経営セーフティ共済とは
経営セーフティ共済(正式名称:中小企業倒産防止共済)は、取引先が倒産した際に生じる売掛金・貸付金の回収困難に備えるための共済制度です。中小機構が運営する公的制度で、フリーランス・個人事業主も加入できます。
最大の節税ポイントは「掛金を全額、経費(損金)として計上できる」ことです。iDeCoや小規模企業共済の「所得控除」とは異なり、「経費」として事業所得から直接差し引けます。
どちらも課税所得を減らす効果がありますが、経費計上の方が国民健康保険料の算定基礎にもなる「事業所得」を直接減らせるため、国保の保険料節減効果もあります。
節税効果・経費計上の仕組み
毎月の掛金(月5,000円〜200,000円)を全額「必要経費」として計上できます。たとえば月200,000円を積み立てた場合、年間240万円を経費にできます。
| 月額掛金 | 年間経費 | 税率30%の節税額 | 税率43%の節税額 |
|---|---|---|---|
| 50,000円 | 600,000円 | 約180,000円 | 約258,000円 |
| 100,000円 | 1,200,000円 | 約360,000円 | 約516,000円 |
| 200,000円(上限) | 2,400,000円 | 約720,000円 | 約1,032,000円 |
掛金・積立上限
掛金の上限は月200,000円(年240万円)で、積立上限は800万円です。800万円に達すると掛金の払込が終了します(掛金払済状態となり共済は継続)。
受け取り・解約の仕組み
共済金の借入(本来の目的)
取引先が倒産した場合、被害額の範囲内で最大8,000万円まで、無担保・無保証・低金利で借入ができます。
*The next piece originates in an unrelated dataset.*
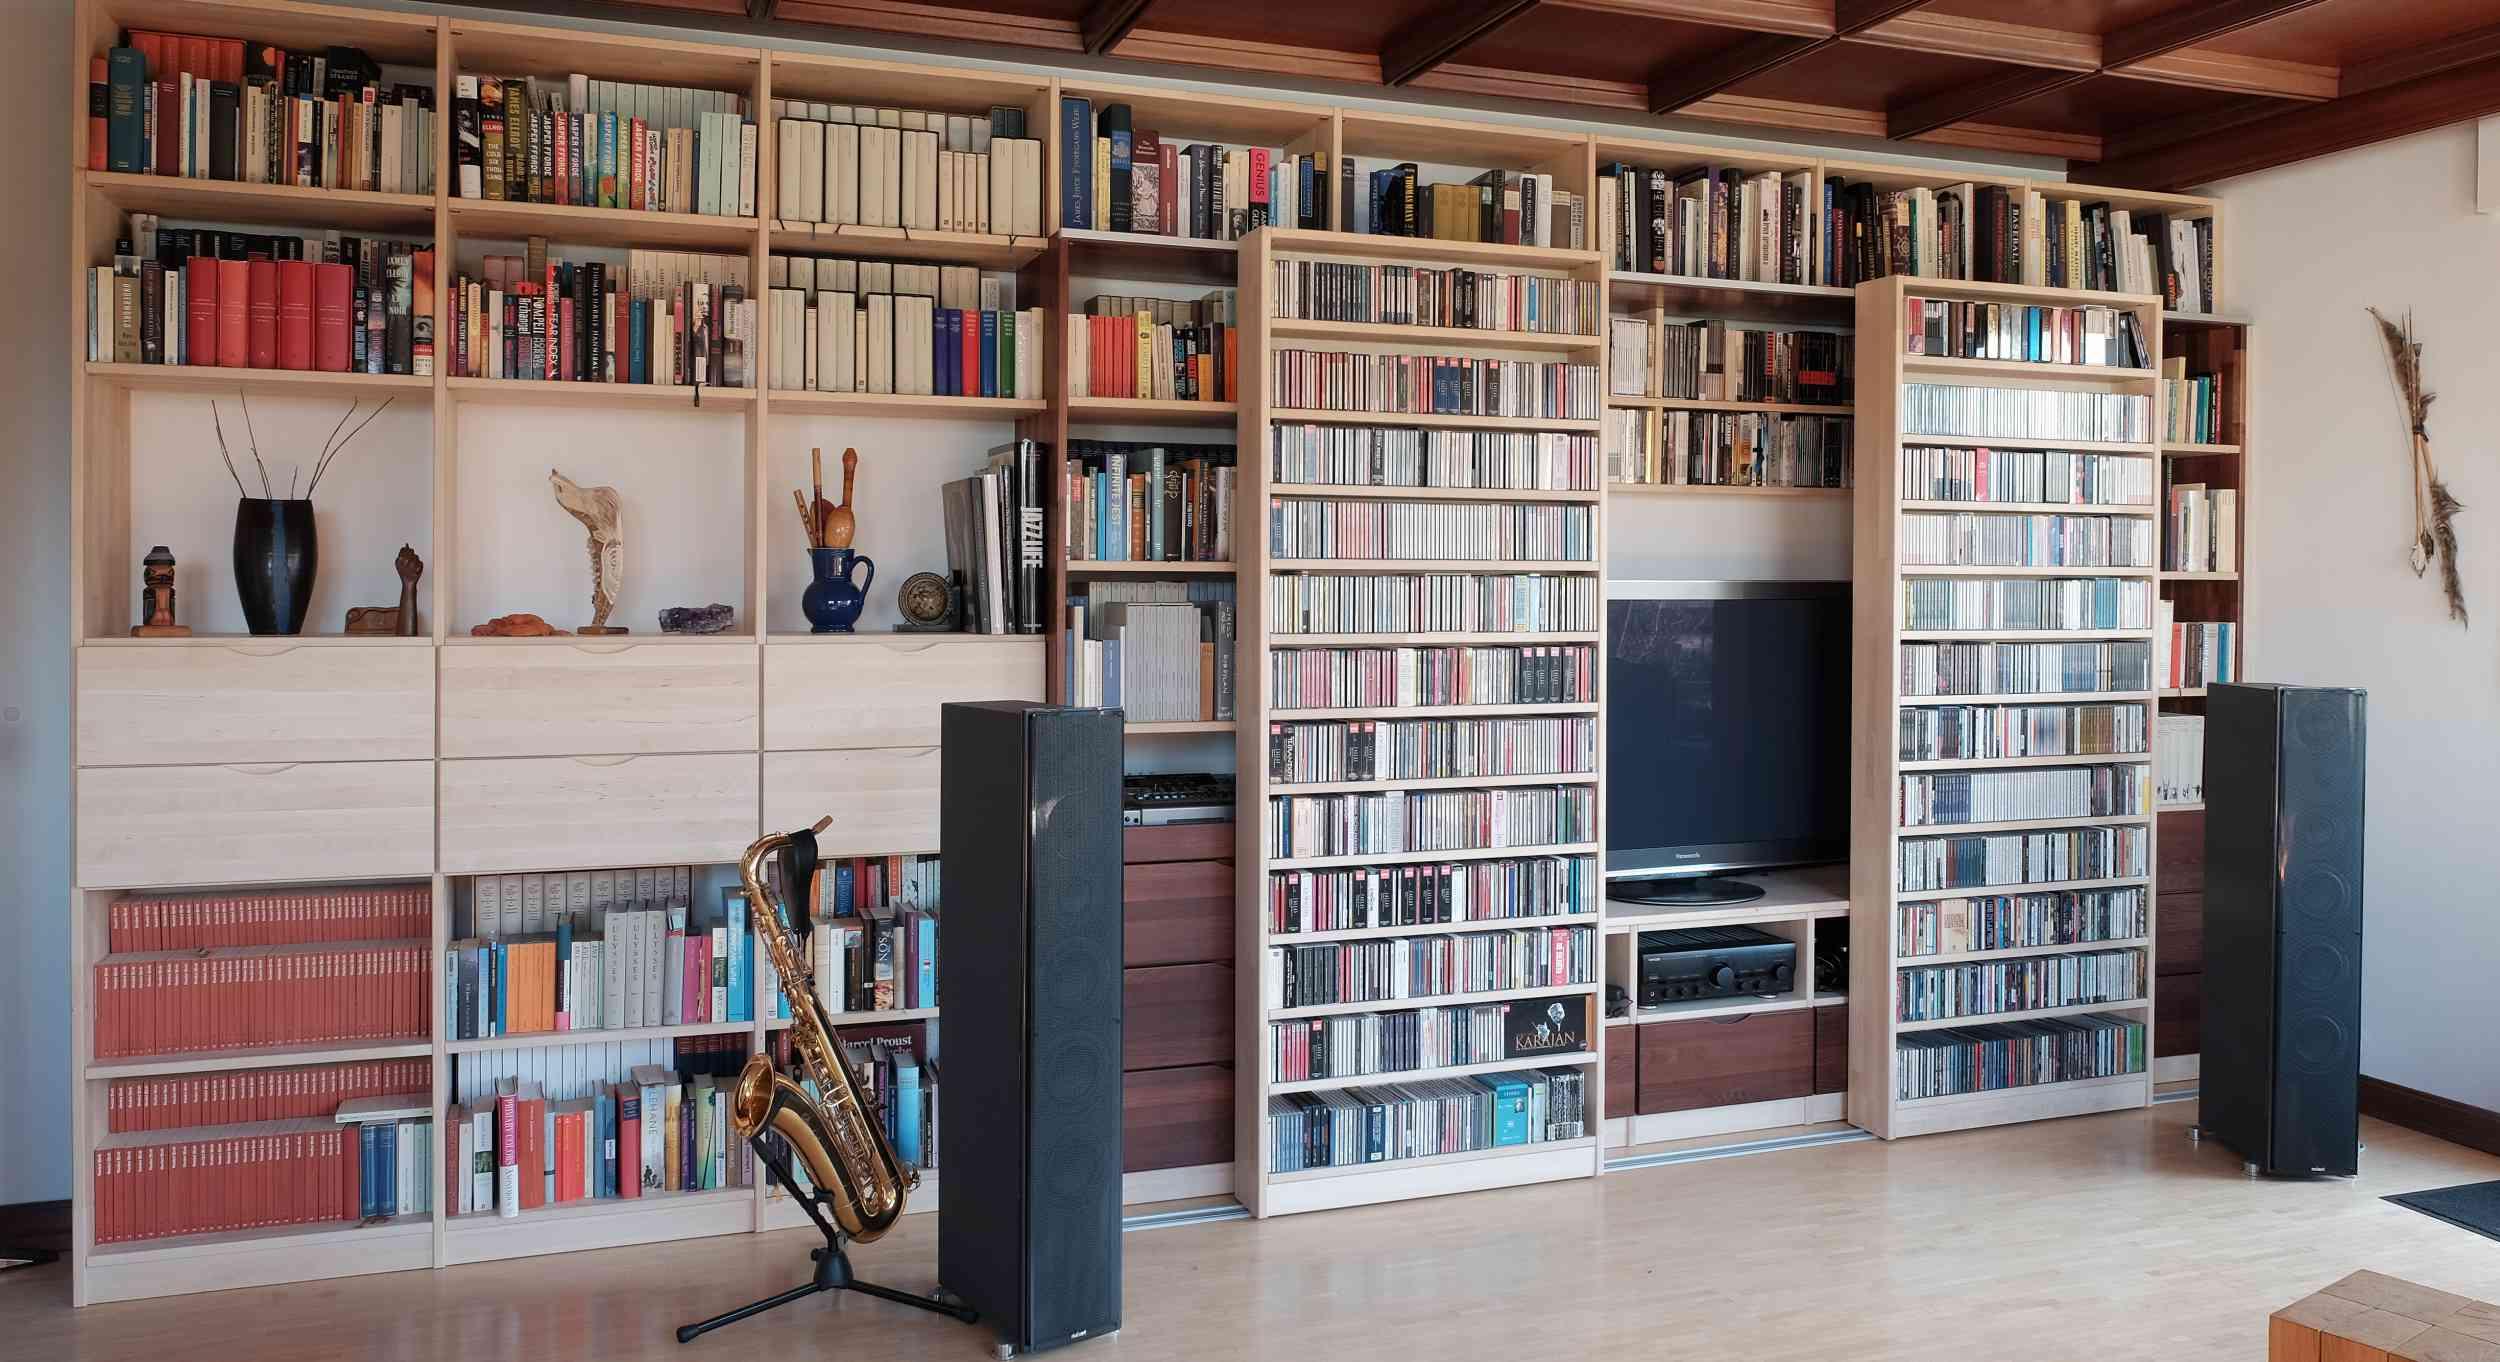 Full Size of Regal Konfigurator Trend Massivholz Mbel Online Konfigurieren Kinderzimmer Weiß Hochglanz Naturholz Werkstatt Paschen Regale Holzregal Badezimmer Mit Regal Regal Konfigurator

これが本来の「倒産防止」機能です。
解約手当金
任意解約した場合、積立期間に応じた解約手当金を受け取れます。
| 掛金納付月数 | 返戻率 |
|---|---|
| 12ヶ月未満 | 0%(全額没収) |
| 12〜23ヶ月 | 80% |
| 24〜29ヶ月 | 85〜90% |
| 30〜39ヶ月 | 90〜95% |
| 40ヶ月以上 | 100% |
解約手当金を受け取ると、その年の「事業収入(雑収入)」として課税されます。そのため、解約するタイミングは所得が低い年(廃業・休業・赤字年)が最も税負担が少なくなります。
2024年改正の重要変更点
メリット・デメリット
メリット
- 掛金を全額経費として計上でき、事業所得を直接減らせる
- 国保の保険料節減にも効果がある
- 取引先倒産時の資金繰り安全網になる
- 掛金の増減が比較的自由(月1,000円刻みで調整可)
デメリット
- 12ヶ月未満の解約は掛け捨て(返戻率0%)
- 解約時は雑収入として課税される(解約タイミングが重要)
- 2024年改正で解約後2年間は再加入不可
- 運用利回りはなく、元本保全が主な目的
活用のポイント
「節税しながら貯める」戦略
掛金を経費計上して節税しながら積み立て、事業を廃止・縮小するタイミングや所得が低い年に解約することで、受取時の税負担を最小化できます。
小規模企業共済・iDeCoとの組み合わせ
経営セーフティ共済は小規模企業共済やiDeCoとは別枠で加入できます。所得が高いフリーランスは3つを組み合わせることで、大きな節税効果を得られます。